__WHAT THE TASK ASKS__
The required output is the exact run of lines below that opens at the line with "うがい薬関連するポジティブシ" and closes at the line with "Web site Design Carpenter Norwich".

__INPUT MATERIAL__
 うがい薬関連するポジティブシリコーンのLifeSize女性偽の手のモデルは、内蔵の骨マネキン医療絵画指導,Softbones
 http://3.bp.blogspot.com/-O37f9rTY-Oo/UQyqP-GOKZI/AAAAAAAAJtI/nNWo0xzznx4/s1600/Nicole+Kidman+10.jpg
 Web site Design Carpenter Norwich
---
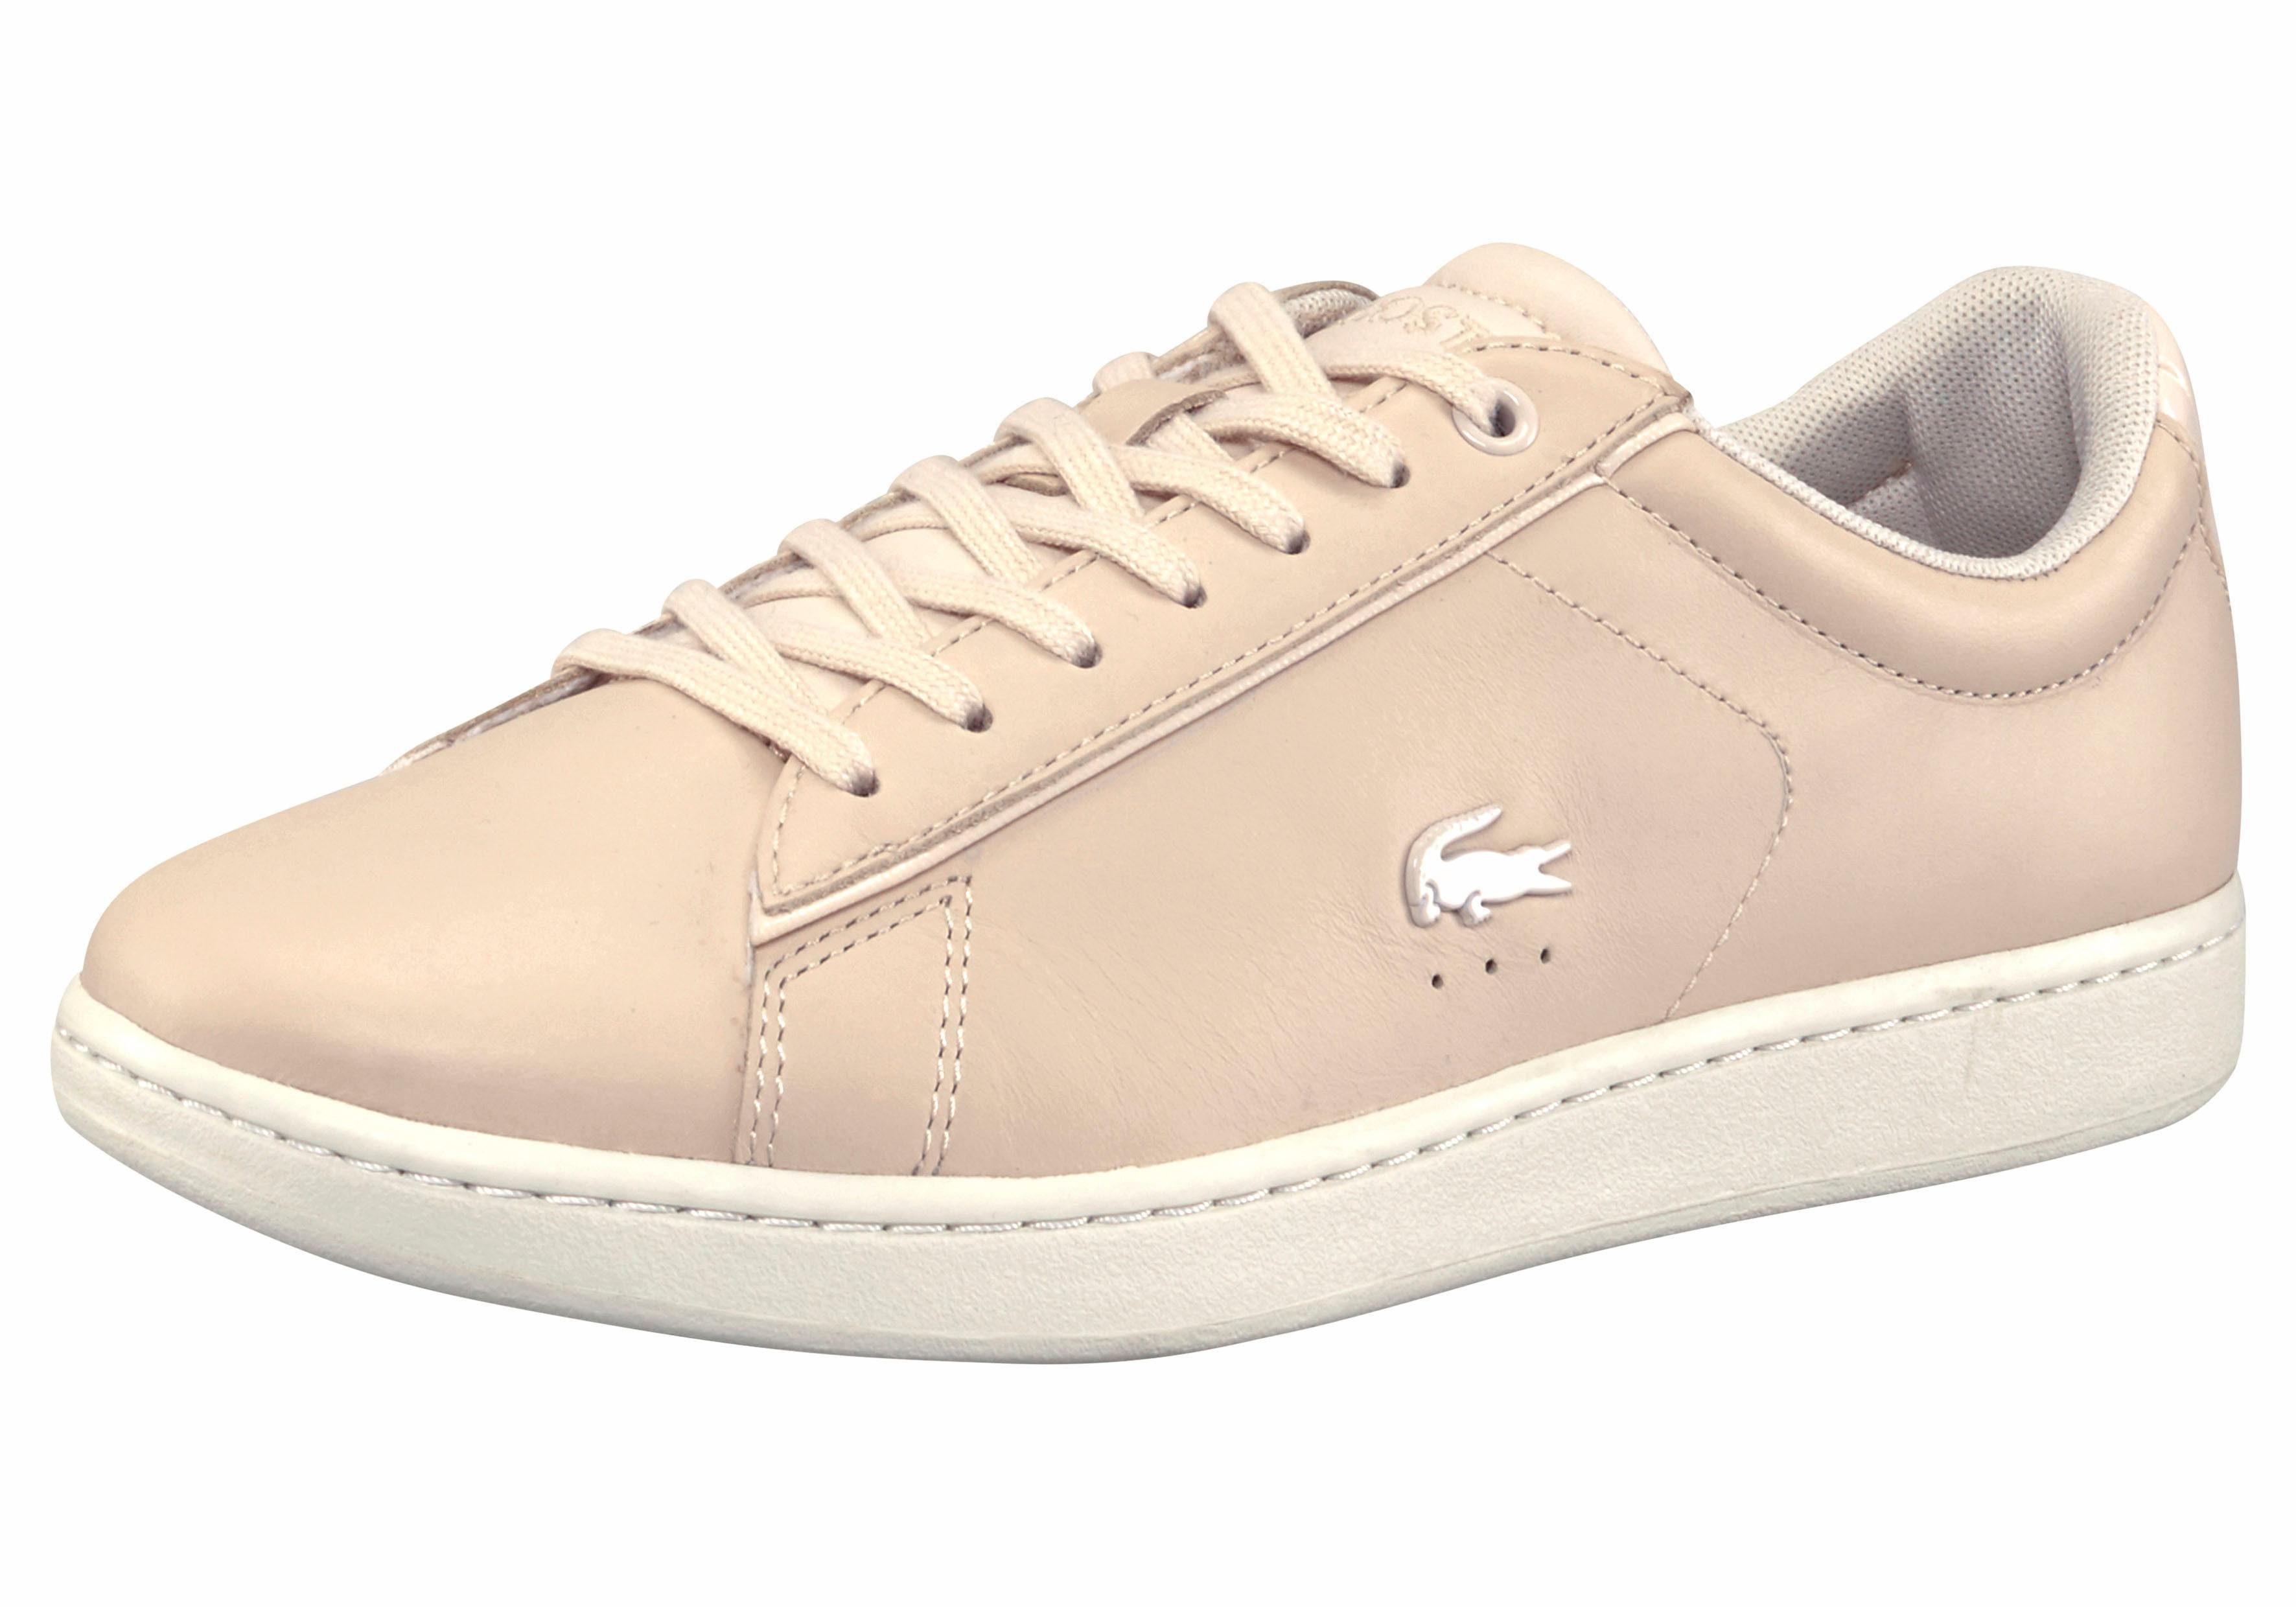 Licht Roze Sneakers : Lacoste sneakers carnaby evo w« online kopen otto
--
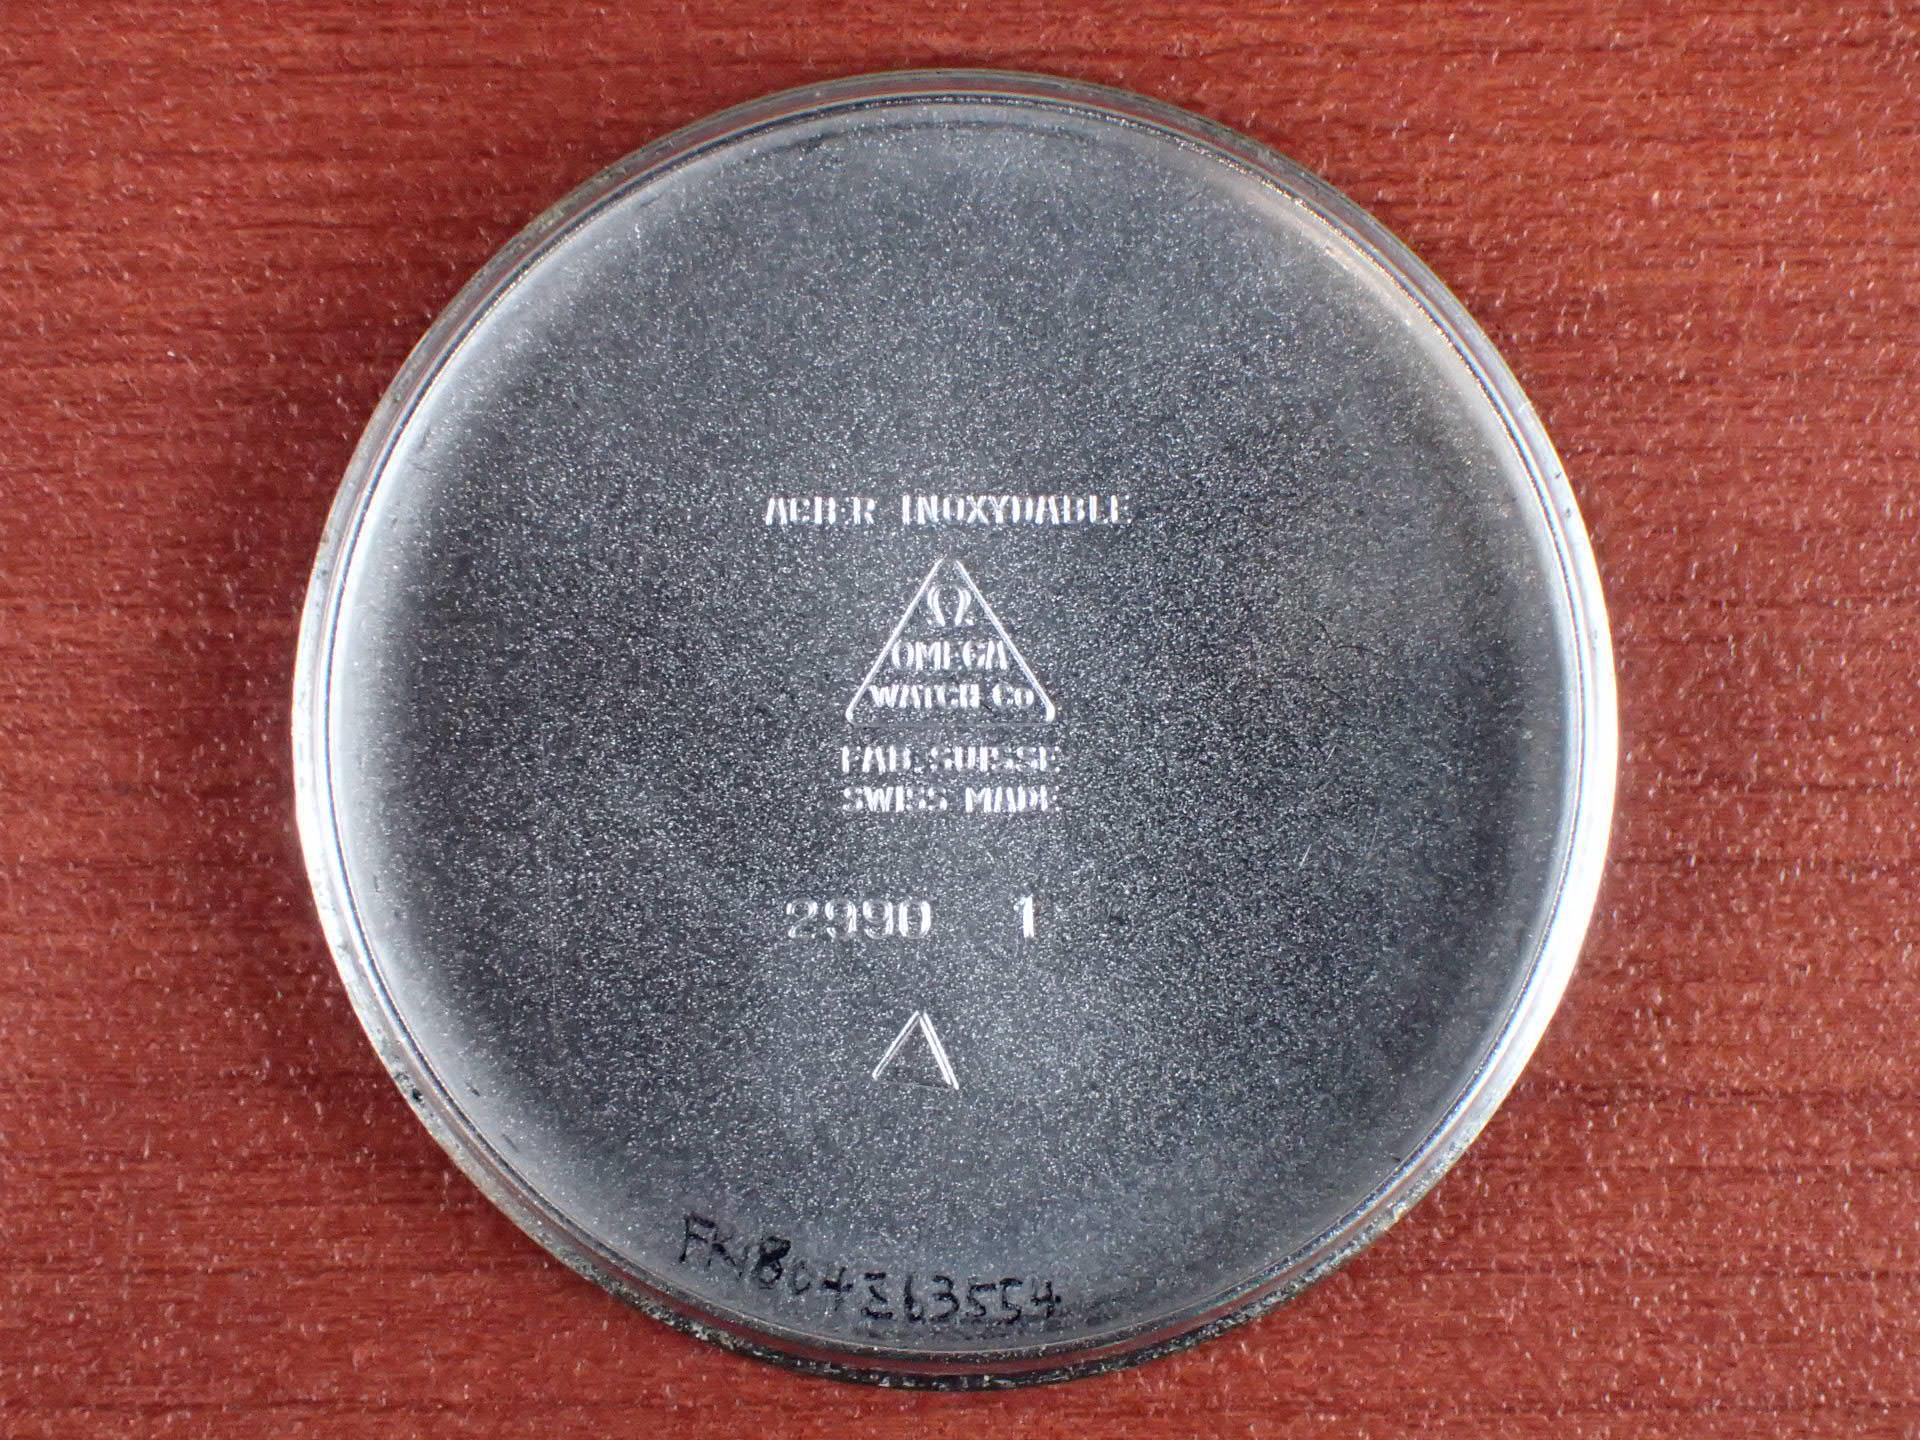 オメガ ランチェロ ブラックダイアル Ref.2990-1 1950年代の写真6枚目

__RESULT OF THE EXERCISE__
 うがい薬関連するポジティブシリコーンのLifeSize女性偽の手のモデルは、内蔵の骨マネキン医療絵画指導,Softbones
 http://3.bp.blogspot.com/-O37f9rTY-Oo/UQyqP-GOKZI/AAAAAAAAJtI/nNWo0xzznx4/s1600/Nicole+Kidman+10.jpg
 Web site Design Carpenter Norwich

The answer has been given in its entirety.